Parker Conroad on Compound Startups
Parker Conrad, founder of Rippling and Zenefits, thinks there’s a lot of value to compound startups, which are a suite of products that solve related problems. For example, Rippling tracks employees, payroll, benefits, corporate credit cards, apps and devices. Compound startups are a bunch of apps on top of a common platform and data layer. In case of Rippling, the data layer is the employee graph, and the platform offers features like reporting, analytics, workflow automation, and role-based access control.
Even in 2021, Rippling had 10 products each at $1m+ ARR.
Why build a compound startup?
✅ When you build a compound startup, you solve deeper business problems beyond the scope of any one point solution. You build a global maximum instead of a local.
✅ A compound startup has an underlying platform / data layer, and then multiple apps on top. Some problems are better solved in the platform layer. But a point solution has no such layer, only an app layer, so it has to solve these problems non-optimally.

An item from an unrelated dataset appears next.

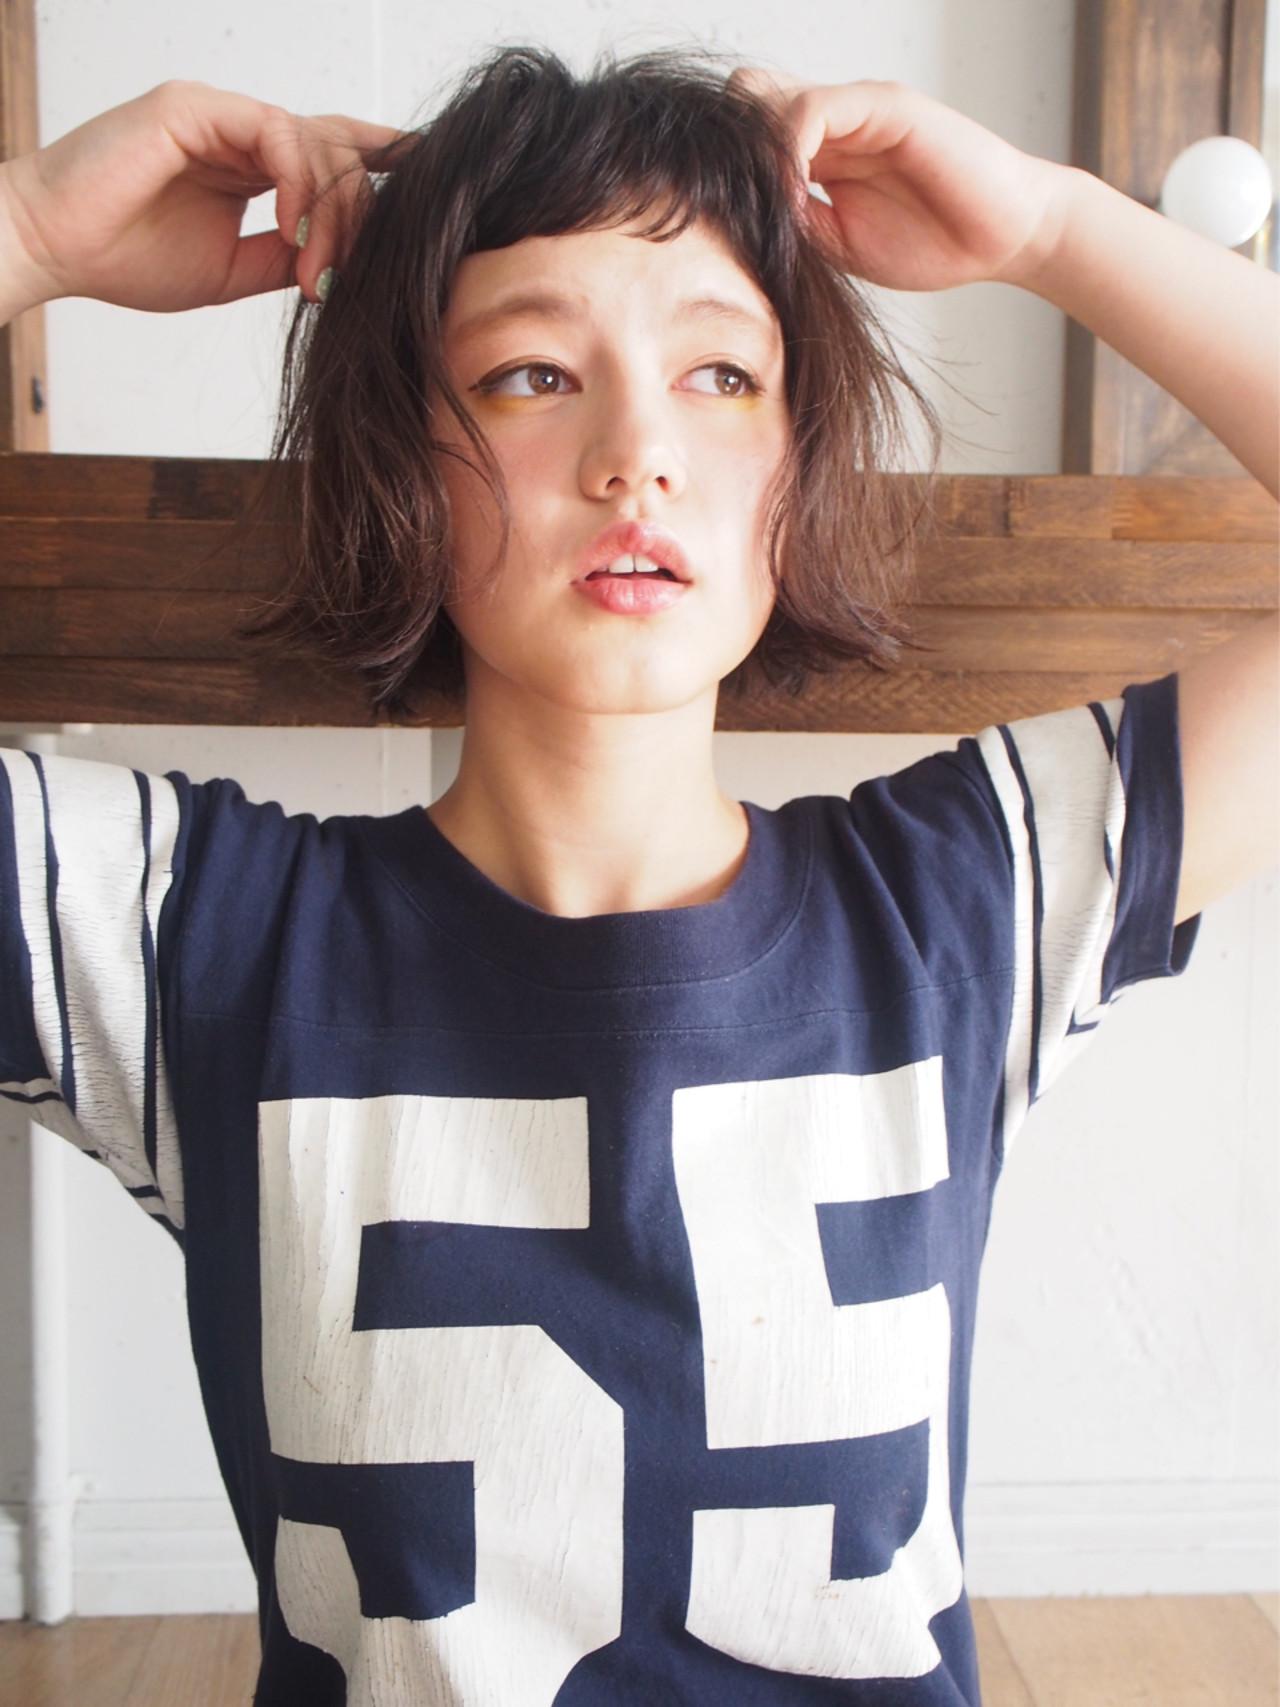 前髪あり レイヤーカット ストリート パーマ ヘアスタイルや髪型の写真・画像 | 一色 さおり / LOAVE AOYAMA(ローブ アオヤマ)

✅ A company may have 100 point solutions, which are unwieldy to mange. For employees, it’s easier to use a compound1 startup than a whole bunch of separate ones with inconsistent UX. That’s like buying an engine, seats and brakes and assembling them into a bad car. Integration lets you deliver benefits that you wouldn’t otherwise be able to. For example, instead of buying a car AC and seats separately, if you were to buy a car, you’ll get ventilated seats.

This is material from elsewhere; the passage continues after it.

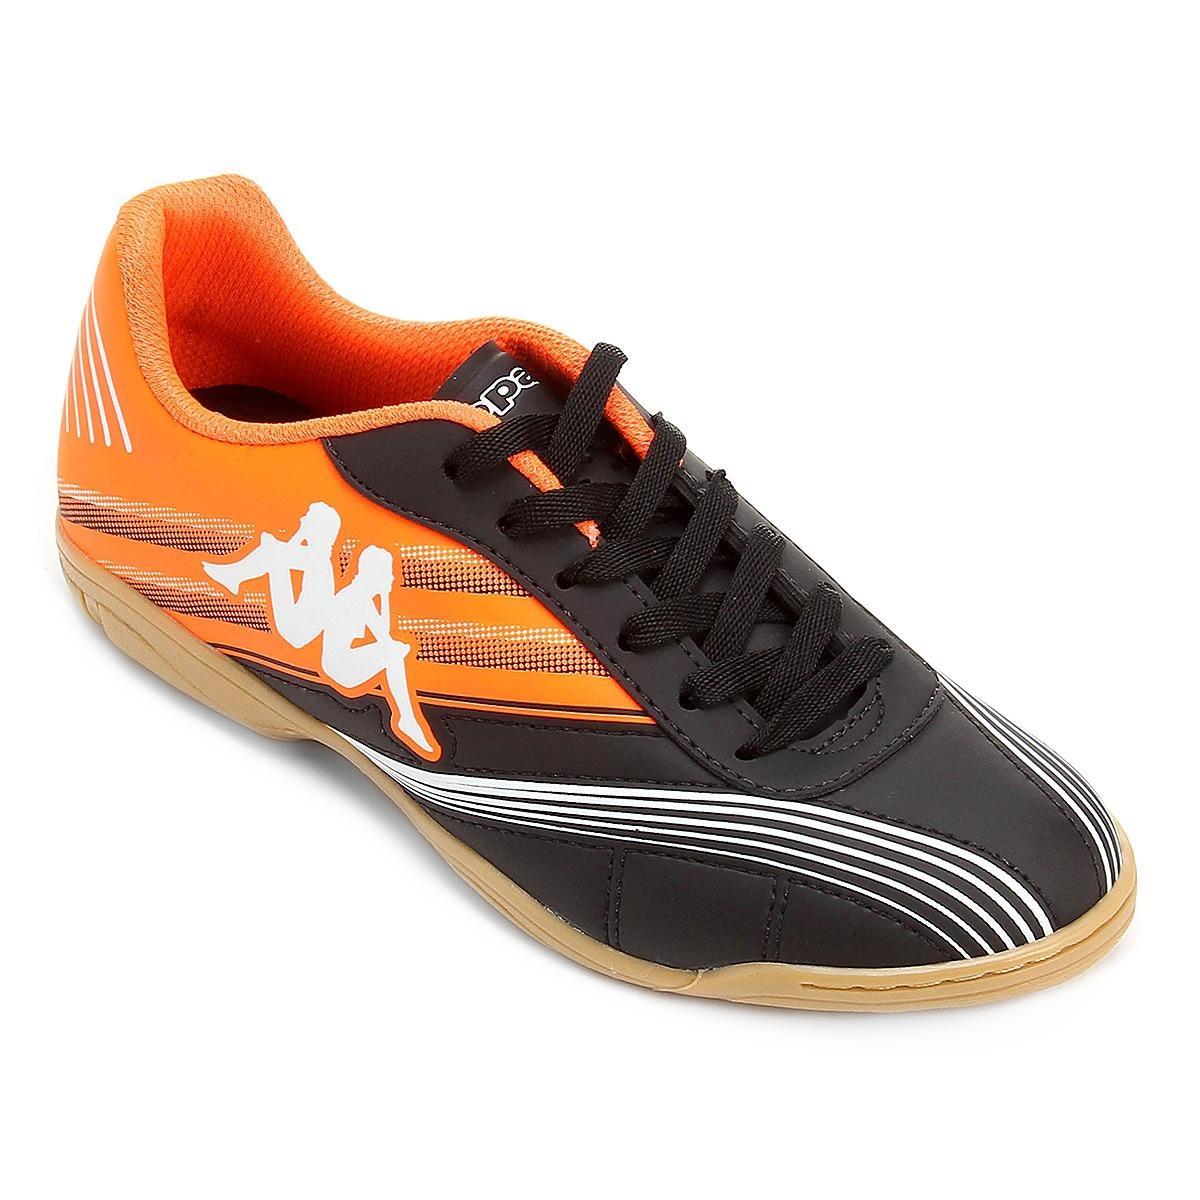 68174bbb1e chuteira futsal kappa crotone original preto e laranja. Carregando zoom.

✅ CAC is amortised between the multiple constituent products, while point SaaSes have to incur this cost repeatedly2. R&D costs at the platform and data layers are also amortised. You can pass along some of this savings to the customer, so they pay less than it would have cost to buy a bunch of point solutions, which in turn helps you win the deal. And you get more profit than if you’d sold only one point solution. So it’s a win/win.
✅ A decade back, as a lot of SaaS apps were built, there was a question as to how many of them will turn out to be billion-dollar companies. The answer was: all. Every one of them became a billion-dollar company. But that means that the low-hanging fruit of point solutions has already been plucked. Instead of competing in an overcrowded market, compete in a market that everyone is overlooking.
What to keep in mind when building a compound startup
A compound SaaS is as strong as its weakest link. If even one of the constituent products is mediocre, you lose the deal.
You need to organise your company into business units, one for each product, headed by a strong entrepreneurial leader, for parallel execution.
Only if it’s the same employee using the different apps.
This matters because many startups die because the CAC is higher than the LTV.